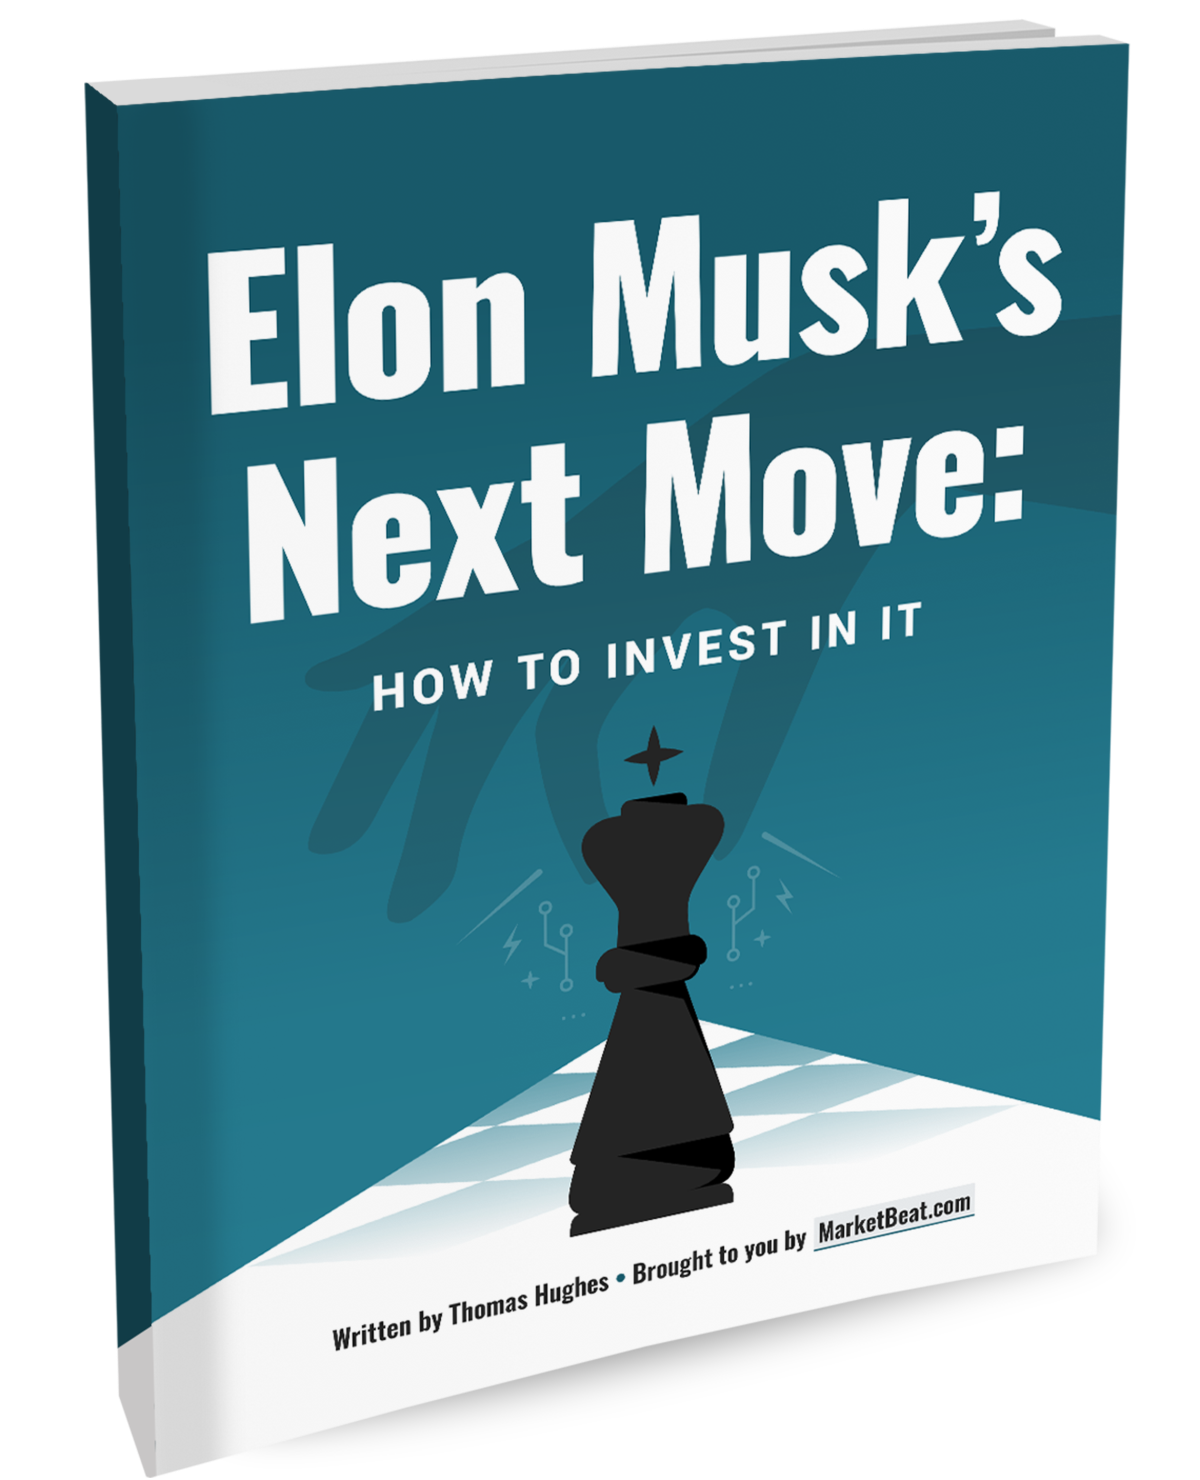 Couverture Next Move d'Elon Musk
════════
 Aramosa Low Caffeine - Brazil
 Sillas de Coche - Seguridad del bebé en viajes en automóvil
════════
Return word for word the lines above from the line with "Aramosa Low Caffeine - Brazil" to the line with "Sillas de Coche", including both and leaving out all others.

Exercise response:
 Aramosa Low Caffeine - Brazil
 Sillas de Coche - Seguridad del bebé en viajes en automóvil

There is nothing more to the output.